# Determining polynomials

1. Jul 28, 2004

### Mathman23

Hi

I got a Linear Algebra question.

I'm suppose to find two polynomials p1 and p2 both of highest degree 3, and which satisfies the following:

p1(-1) = 1

p1'(-1) = 0

p2(1) = 3

p2'(1) = 0

p1(0) = p2(0)

p1'(0) = p2'(0)

I hope that there is somebody out there who can explain to me how I do that ?

Fred

2. Jul 28, 2004

### arildno

Hint:
If your polynomials are of highest degree 3, they may be written as:
$$p_{1}=a_{1}x^{3}+b_{1}x^{2}+c_{1}x+d_{1}$$
$$p_{2}=a_{2}x^{3}+b_{2}x^{2}+c_{2}x+d_{2}$$

The letters are the constants you must determine with the aid of the given relations (you will gain a matrix system you''ll need to solve)

3. Jul 28, 2004

### Mathman23

If I understand You correctly.

I take these two polynomials p1 and p1'.

I then insert the terms into the polynomial equations? So I get the following

p1 = a1*(-1)^3 + b2*(-1)^2 + c1*(-1) +d = 1

p1' = 3*a1*(-1)^2 + 2*b1*(-1) +c1 = 0

I use a matrix system to solve these two equations so they satisfy the given conditions?
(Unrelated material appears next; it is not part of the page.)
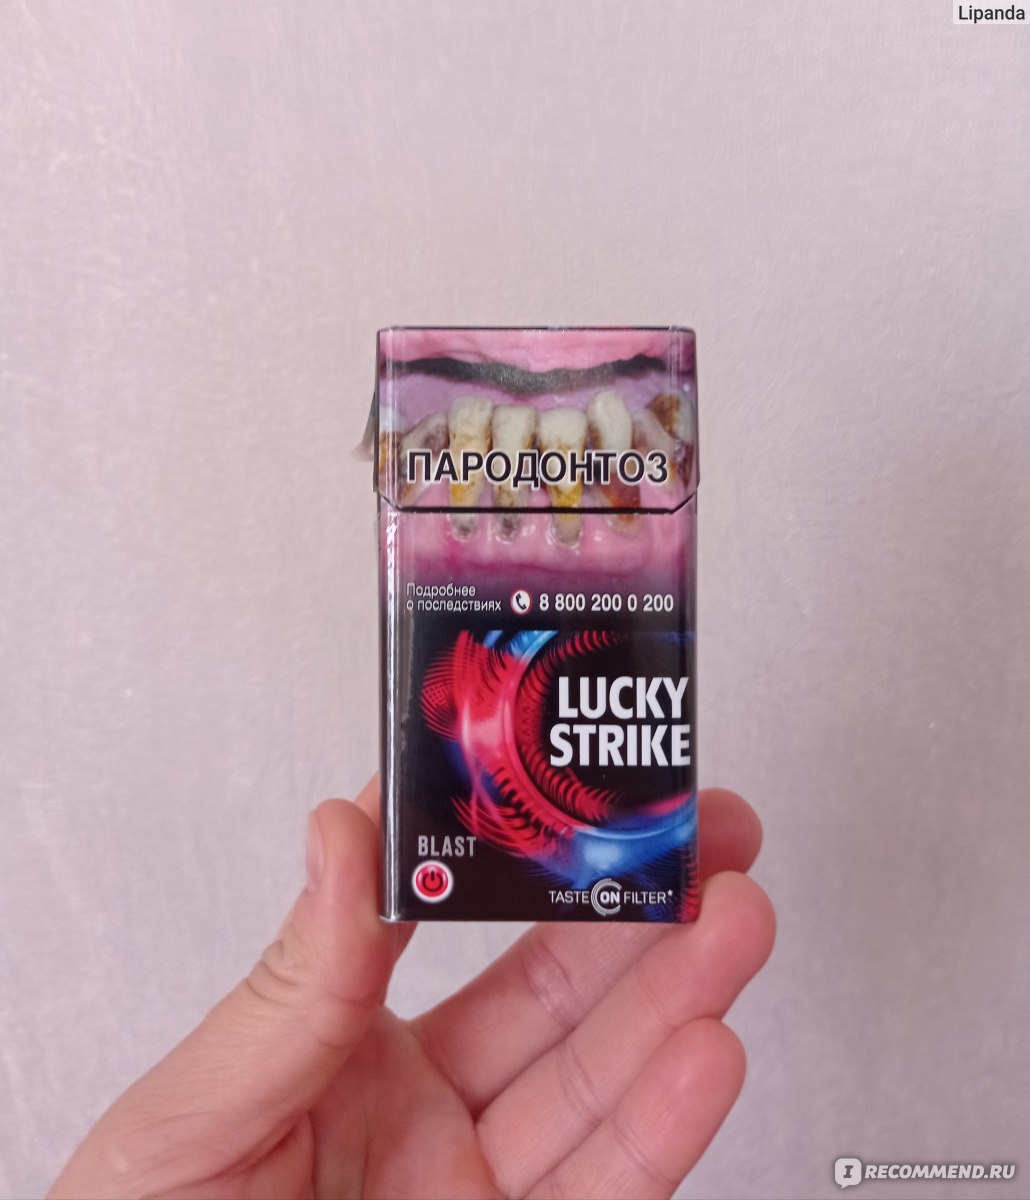 Лайки страйки компакт. Лаки страйк компакт Бласт. Lucky Strike XL Purple сигареты. Сигареты Lucky Strike Compact. Сигареты лаки страйк компакт Бласт.
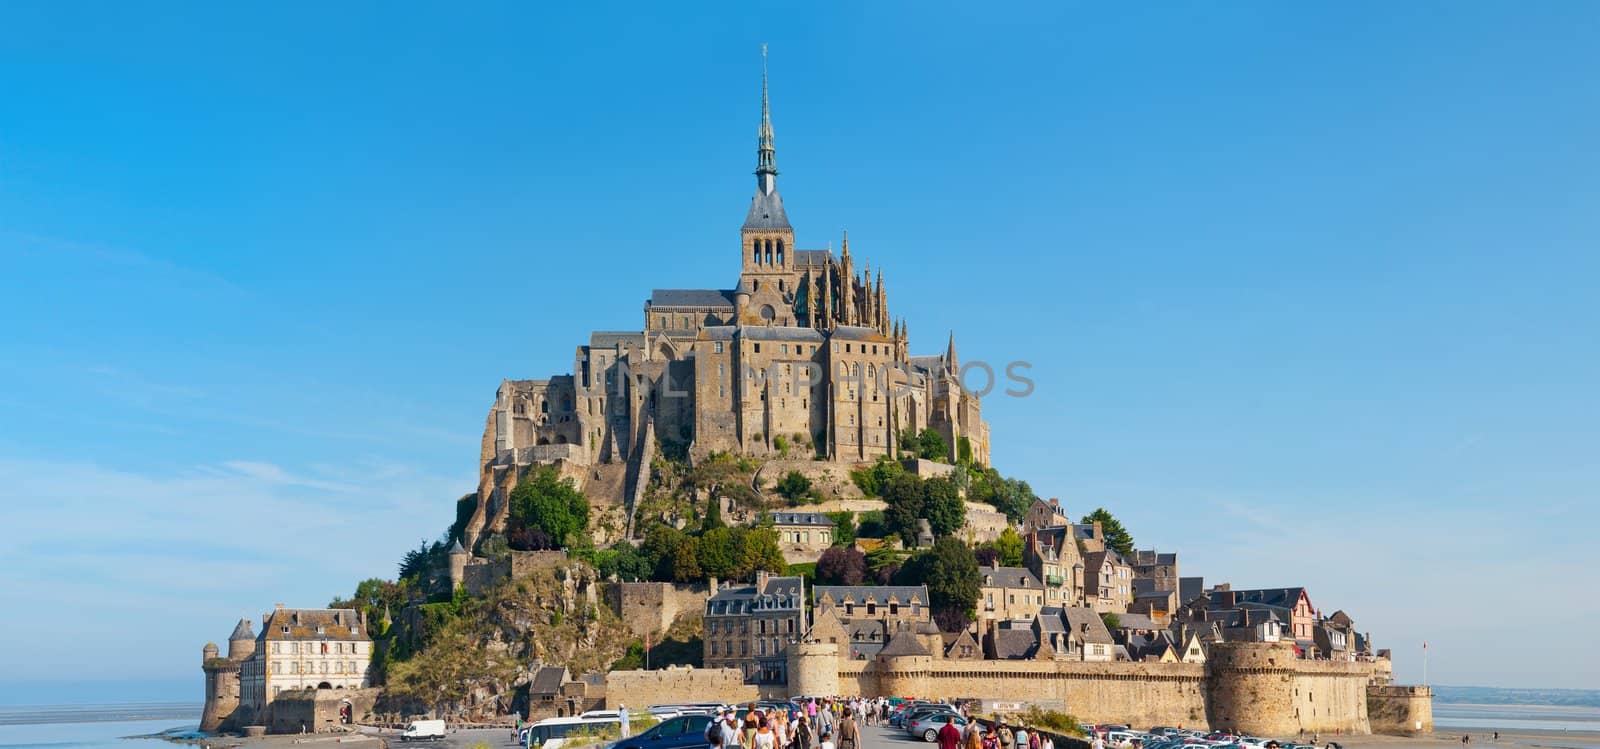 Panorama le Mont Saint-Michel by maxoliki

And then find the variables for p2 ?

Sincerely
Fred

4. Jul 28, 2004

### matt grime

you have far more than just those two equations. for instance the last two tell you that d_1=d_2 and c_1=c_2

5. Jul 28, 2004

### Mathman23

You mean I have these equations:

p1 = a1*(-1)^3 + b1*(-1)^2 + c1*(-1) +d1 = 1

p1' = 3*a2*(-1)^2 + 2*b2*(-1) +c2 = 0

p2 = a1*(1) ^3 +b1 * (1) ^2 + c1*(1) + d1 = 3

p2' = 3*a2*(1)^2 + 2*b2*(-1) +c2 = 0

a1*(0)^3 + b1*(0)^2 + c1*(0) +d1 = a1*(0) ^3 +b1 * (0) ^2 + c1*(0) + d1

3*a2*(0)^2 + 2*b2*(0) +c2 = 3*a2*(0)^2 + 2*b2*(0) +c2

and solve these as one system of equations ?

/Fred

6. Jul 28, 2004

### matt grime

not quite since you appear to have several mistakes in there, let us use arildno's notation properly

1=-a_1+b_1-c_1+d_1
from (p_1(-1)=1)

0=3a_1-2b_1+c_1
from (p_1'(-1)=0)

3=a_2+b_2+c_2+d_2
from (p_2(1)=3)

0=3a_2+2b_2+c_2
from (p_2'(1)=0)

d_1=d_2
from (p_1(0)=p_2(0))

c_1=d_1
from (p_1'(0)=p_2'(0))

note you have 8 unkowns and 6 equations

7. Jul 28, 2004

### Mathman23

okay Thank You.

Fred

8. Jul 28, 2004

### Mathman23

I get the following solution values:

a1, a2 = -1/2

b1, b2 = 3/2

c1,c2 = 0

d1, d2 = 2

Can anybody tell me if they are correct ?

Thanks again.

Sincerely

Fred

9. Jul 29, 2004

### matt grime

But you've all these identities that allow you to check your answer by yourself, you don't need us to verify it.